The goal of lambda is to …
You can install lambda from github with:
# install.packages("devtools")
devtools::install_github("softloud/lambda")
This is a basic example which shows you how to solve a common problem:
## basic example code
# packages
library(skimr)
#>
#> Attaching package: 'skimr'
#> The following object is masked from 'package:stats':
#>
#> filter
library(tidyverse)
#> ── Attaching packages ──────────────────────────────────────────────────── tidyverse 1.2.1 ──
#> ✔ ggplot2 3.2.1 ✔ purrr 0.3.2
#> ✔ tibble 2.1.3 ✔ dplyr 0.8.3
#> ✔ tidyr 0.8.3 ✔ stringr 1.4.0
#> ✔ readr 1.3.1 ✔ forcats 0.4.0
#> ── Conflicts ─────────────────────────────────────────────────────── tidyverse_conflicts() ──
#> ✖ dplyr::filter() masks skimr::filter(), stats::filter()
#> ✖ dplyr::lag() masks stats::lag()
library(lambda)
# for reproducibility
set.seed(38)
# grab `probability data` between 0 and 1
some_data <- runif(100)
some_data %>% skim()
#>
#> Skim summary statistics
#>
#> ── Variable type:numeric ────────────────────────────────────────────────────────────────────
#> variable missing complete n mean sd p0 p25 p50 p75 p100
#> . 0 100 100 0.5 0.29 0.015 0.29 0.51 0.75 0.99
#> hist
#> ▇▂▅▅▆▅▇▅
## lambda_inf finds the infinum of the lambda function
# the original version of the function used optimise, but this does not find the correct point in the output of the function
lambda_optimise <- function(probability, alpha = 0.5) {
optimise(
lambda:::lambda_fn,
interval = c(0, 1),
prob = probability,
alpha = alpha,
maximum = FALSE
) %>%
purrr::pluck("minimum")
}
tibble(
lambda = seq(0, 1, by = 0.01),
lambda_fn = map_dbl(lambda, lambda:::lambda_fn, probability = some_data)
) %>%
ggplot(aes(x = lambda, y = lambda_fn)) +
geom_line() +
geom_vline(xintercept = lambda_optimise(some_data),
linetype = "dashed", show.legend = "optimise") +
geom_vline(xintercept = lambda_inf(some_data), linetype = "dotted", show.legend = "empirical") +
geom_text(data =
tibble(
x = c(lambda_optimise(some_data),
lambda_inf(some_data)),
y = c(0.4, 0.8),
label = c(paste0("optimise: ", round(lambda_optimise(some_data), 4)),
paste0("empirical: ", lambda_inf(some_data)))),
aes(x = x, y = y, label = label),
nudge_x = c(0.1, -0.1)) +
labs(title = paste0("lambda threshold: ", lambda_inf(some_data)))

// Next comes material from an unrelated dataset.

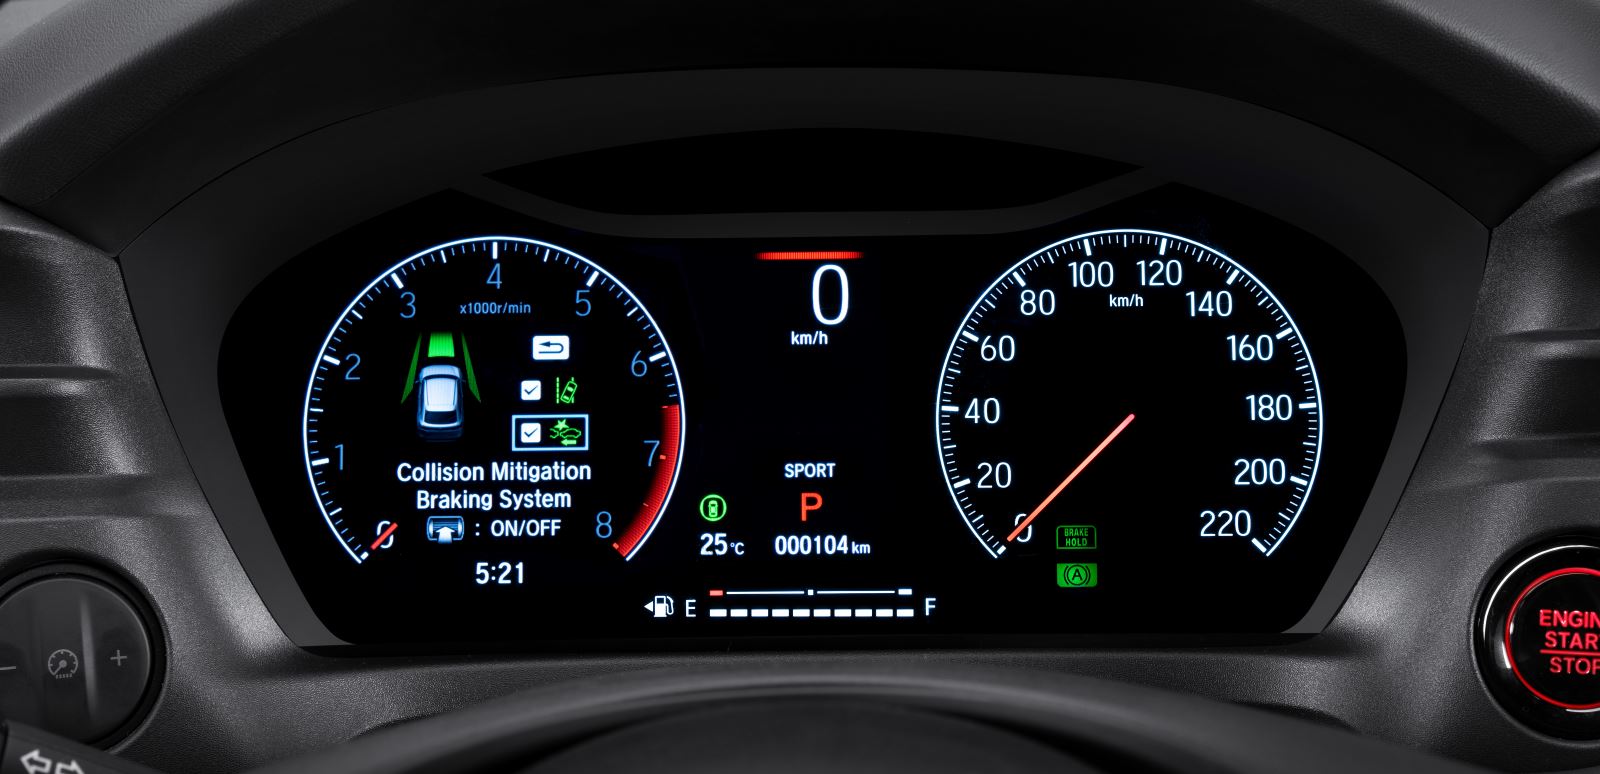 Định nghĩa, cấu tạo và nguyên lý hoạt động của đồng hồ đo tốc độ trên ô tô
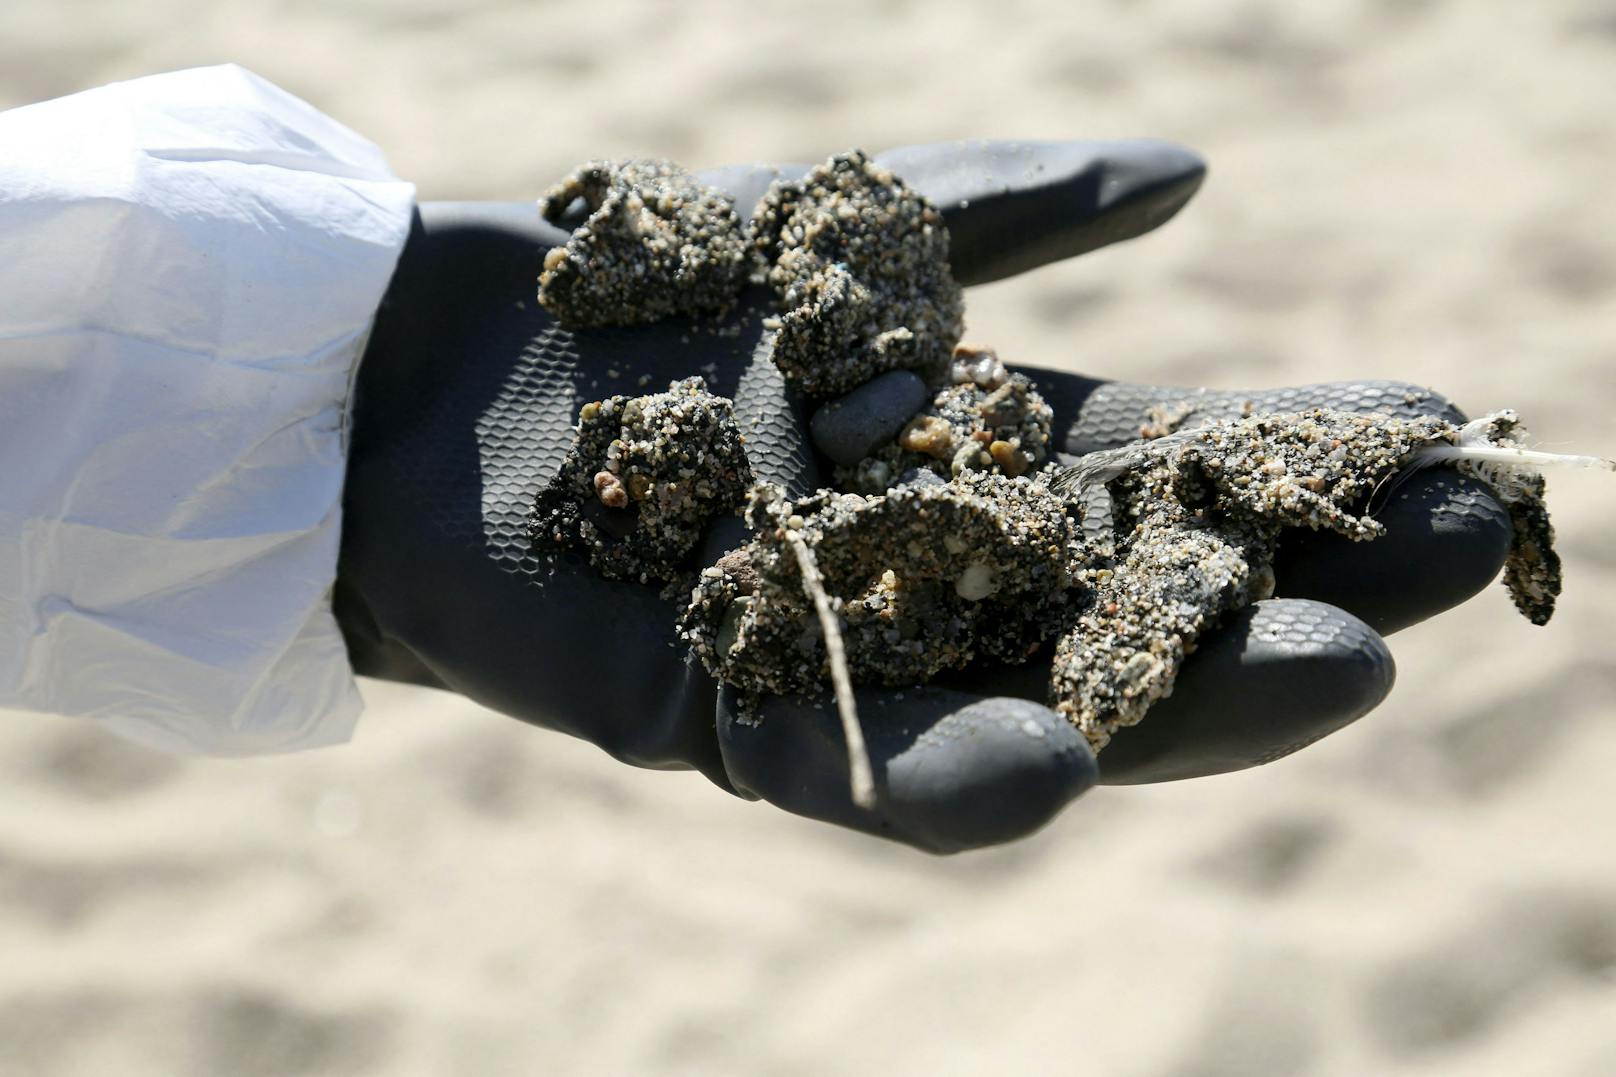 Einsatzkräfte reinigen Strand und Meer von einer Verseuchung durch mutmaßlich illegal abgelassenes Öl vor der Küste von Korsika (14. Juni 2021).

The dotted line gives the output of the optimise
approach, which
doesn’t work. The current function takes a more empirical approach, as
it were. Since the (\lambda) function always has this shape, we can
subdivide the interval between 0 and 1 and approximate the point, to a
certain degree of precisio (the dotted line).